当周回を以て目標は達成され、当該反復試行は完了となる。





















20██年3月22日


場所: サイト-93



「ヨーコ、また帰ってきたよ。

……ううん、勝てなかった。


……でも大丈夫だ。僕たちは何度でもやり直す。ほら、今回も僕が君を強くしてあげるよ。」


気付くと、僕はヨーコ ──セラピーアニマルの狐だ……── の頭に手をかざしていた。ヨーコが、きょとんと首を傾げる。

あぁ、ダメだダメだ。また妄想に打ち勝つために、別の妄想に頼ろうとしている。


「おはようございます。気分はどうですか?」

低く落ち着いた声がする。

「あぁ、先生……。えぇ、大丈夫です。……ちゃんと自分で自覚できました。」

「それは良かった……。少しずつ、焦らずに治していけば良いんだからね。」


二言三言話して、先生は帰っていった。








……僕は時に、ありもしない事を自分の中で信じ込みかけたり。


……またある時は酷い幻覚を……

……裏庭のただの小鳥が、何メートルもあるドラゴンに見えてしまったり。



……でも。それでも。

……僕はヨーコの助けを借りて、いつか妄想に打ち勝って行くんだ……。







……それが、ぼくの決意だった。

















コツン、コツン、コツン。足音を響かせ収容室からの廊下を1人歩きながら、"先生" は深い溜め息を吐いた。
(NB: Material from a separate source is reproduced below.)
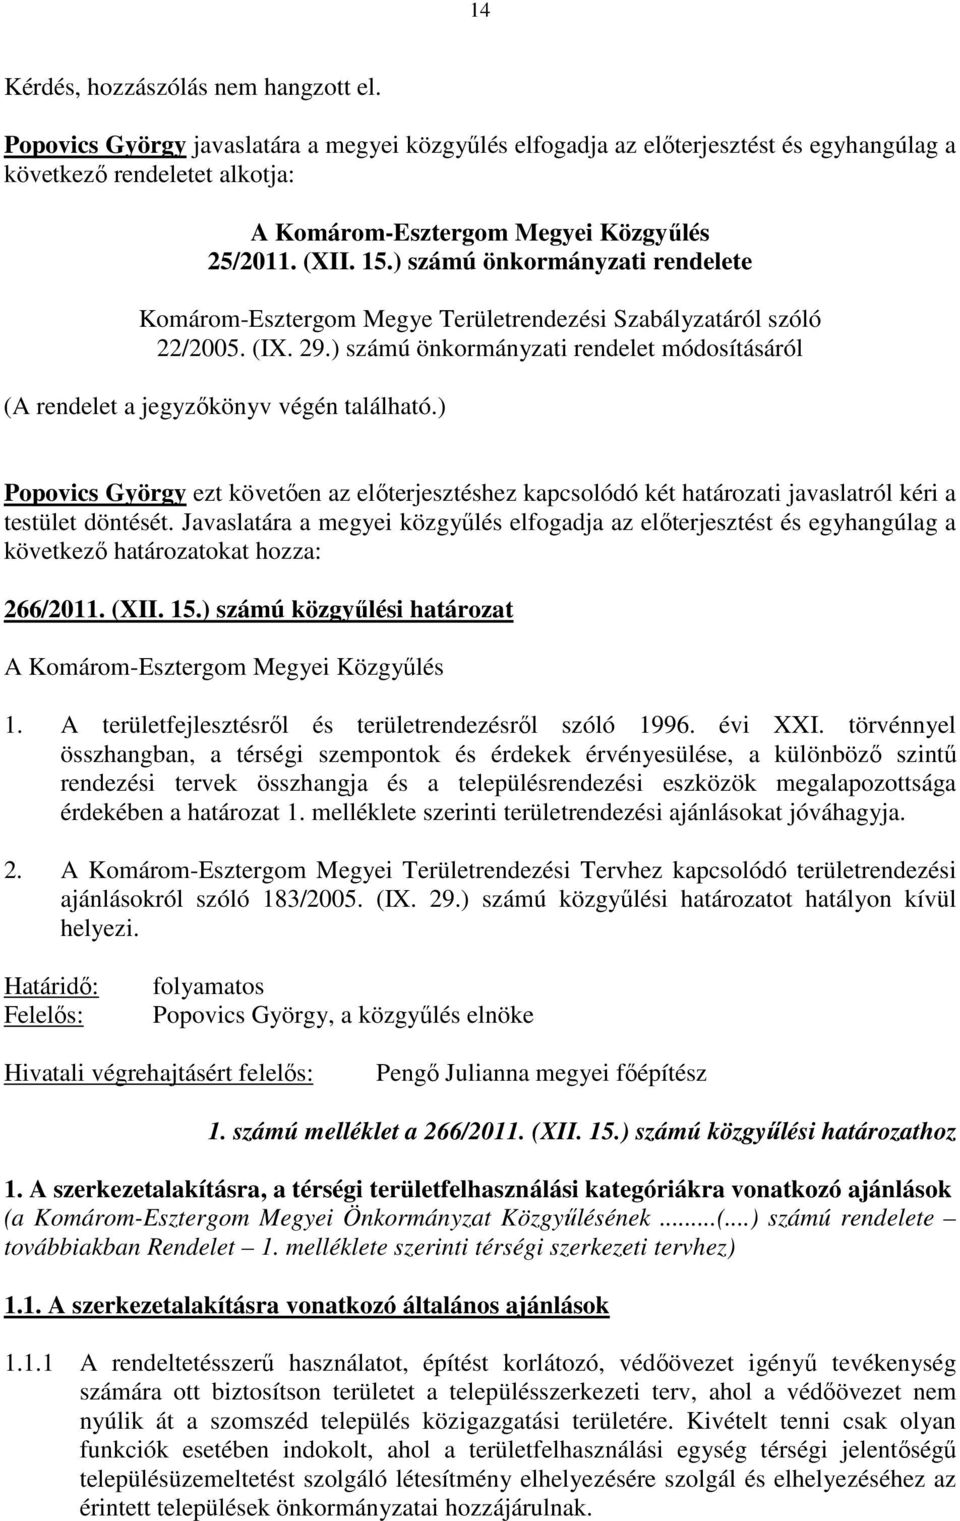 ) számú önkormányzati rendelete Komárom-Esztergom Megye Területrendezési Szabályzatáról szóló 22/2005. (IX. 29.) számú önkormányzati rendelet módosításáról (A rendelet a jegyzıkönyv végén található.

職務では固い男だが、プライベートは異なるという、私はそういうタイプだったんだ。呑気に、ソシャゲなんかして。

しかし突然、重苦しい絶望が全てになってしまった。あの通達を目にしてから。


「とあるオブジェクトが、間も無く収容違反する」。そう通達が届いたのは今朝だった。既にあらゆる収容維持の試みは悉く失敗し、間も無く世界が終わる事は確定事項なのだという。


何故わざわざそんなことを……

「……何故、この私なんかに通知したんだ?」


ほとんどの職員たちは、終焉のその瞬間が訪れるまで、この事を知らぬまま過ごすのだそうだ。ならば、私にも知らせなくて良かったのでは……?出来ることなら、その最後を迎えるときまで、呑気にスマホでソシャゲの周回プレイをしていたかった。ダントツ最弱と言われてしまっている推しキャラを、育てまくって大ボスを撃破するのが夢だったのに。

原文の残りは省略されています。